[Paper] BEACON: Language-Conditioned Navigation Affordance Prediction under Occlusion

Published: 13 hours ago (March 10, 2026 at 01:56 PM EDT)

4 min read

Source: arXiv

Source: arXiv - 2603.09961v1

Overview

The paper introduces BEACON, a system that lets a robot understand open‑ended, relational language commands (e.g., “go to the chair next to the table”) even when the target is hidden behind obstacles.
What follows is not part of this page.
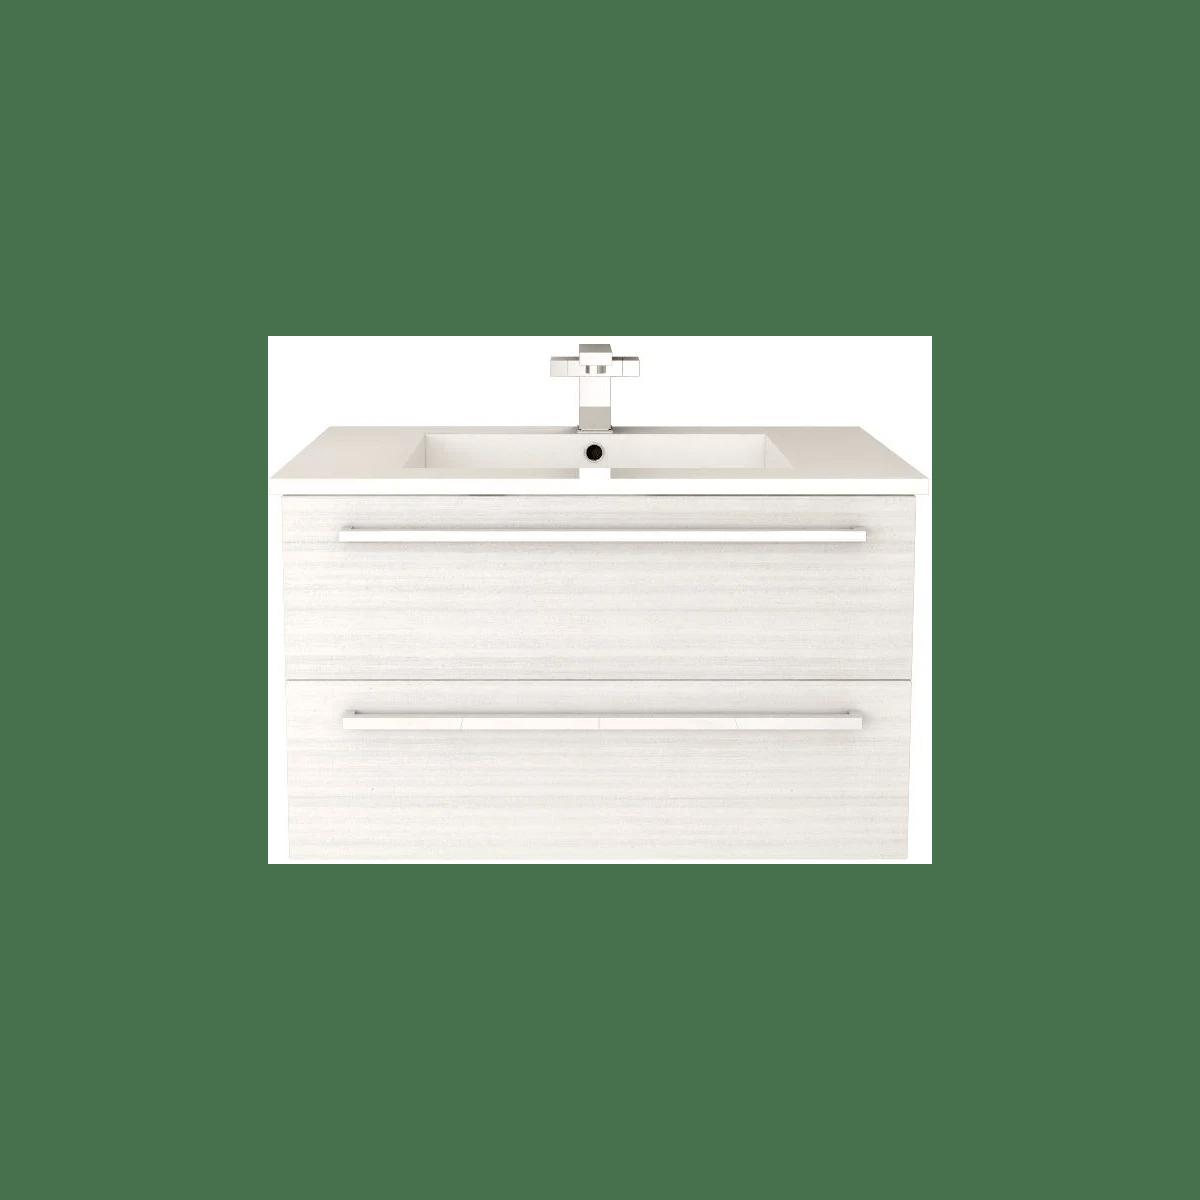 Cutler Kitchen And Bath Fv W Chocolate30 White Chocolate
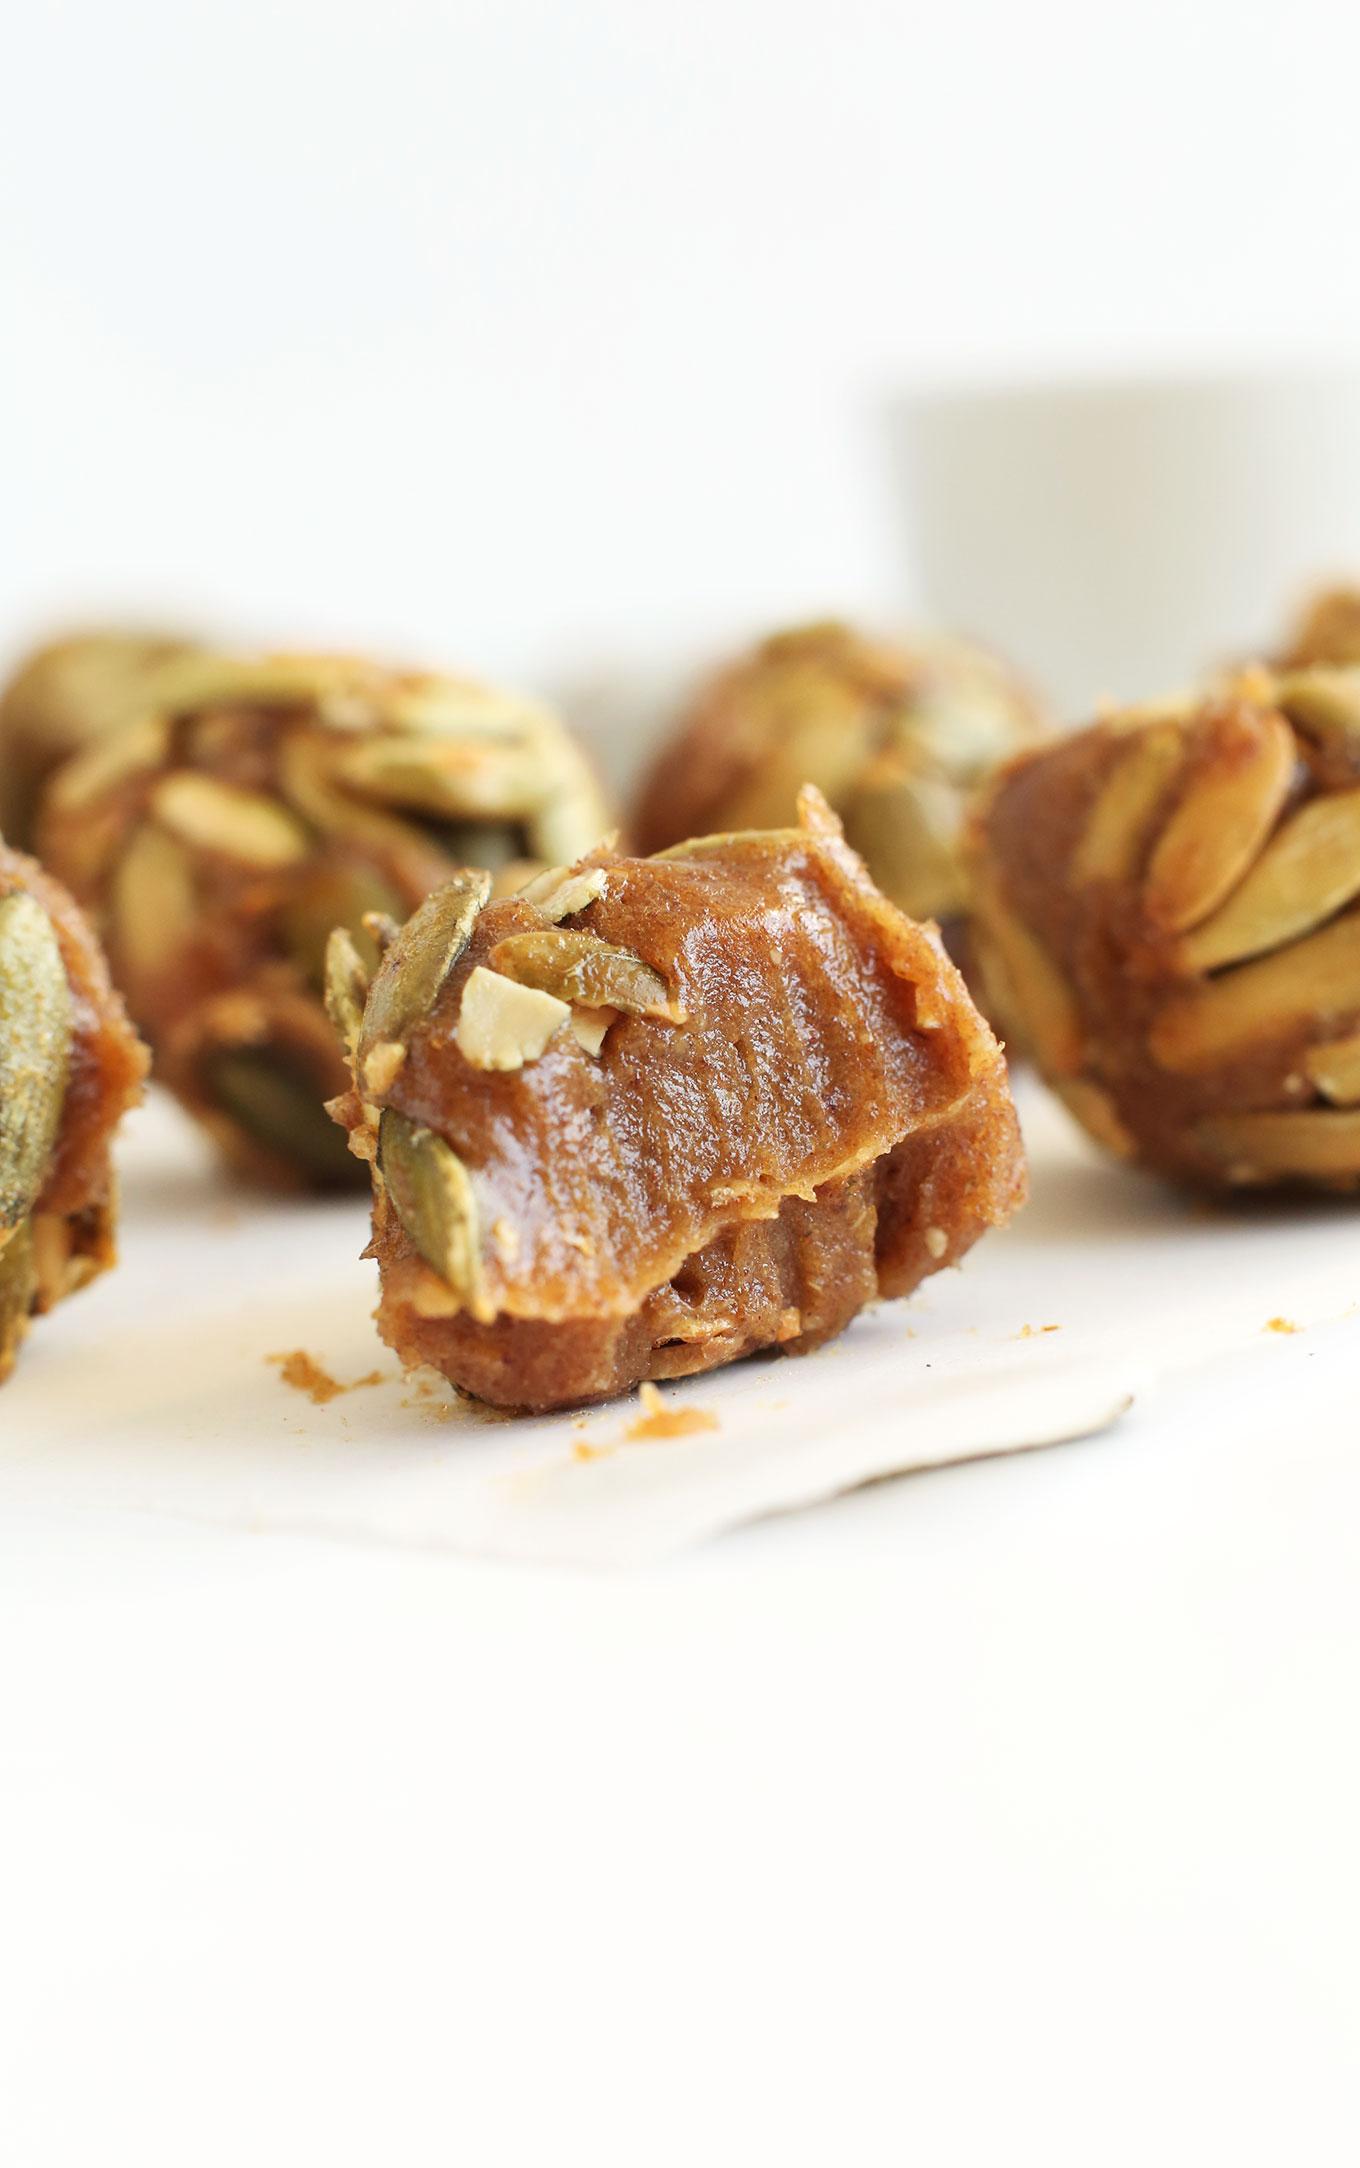 Showing the inside of a date-sweetened vegan Pumpkin Caramel

By predicting a bird’s‑eye‑view (BEV) affordance heatmap from surround‑view RGB‑D sensors, BEACON can infer traversable spots in occluded regions—something traditional vision‑language models that operate only on visible pixels struggle with.

Key Contributions

BEV affordance prediction: First method to map language‑conditioned navigation goals onto an ego‑centric top‑down heatmap that includes both visible and occluded space.
Spatially‑aware VLM integration: Extends a pretrained vision‑language model with explicit spatial cues, allowing it to reason about “where” in addition to “what”.
Depth‑driven BEV feature fusion: Combines depth‑derived top‑down geometry with VLM outputs, yielding a richer representation of the local scene.
Occlusion‑focused benchmark: Builds a new Habitat‑based dataset that deliberately places target locations behind furniture or moving agents, exposing the limits of image‑space baselines.
Significant performance boost: Achieves a 22.74 % absolute improvement in geodesic‑threshold accuracy over the previous state‑of‑the‑art on occluded targets.

Methodology

Sensor setup – The robot captures four RGB‑D streams (front, left, right, back), giving a 360° surround view of its immediate surroundings.
Vision‑Language backbone – A pretrained VLM (e.g., CLIP) processes the concatenated images together with the natural‑language instruction, producing a set of high‑level visual‑semantic embeddings.
Spatial cue injection – Positional encodings that describe each camera’s orientation and field‑of‑view are added to the VLM’s token stream, teaching the model to associate language with specific directions.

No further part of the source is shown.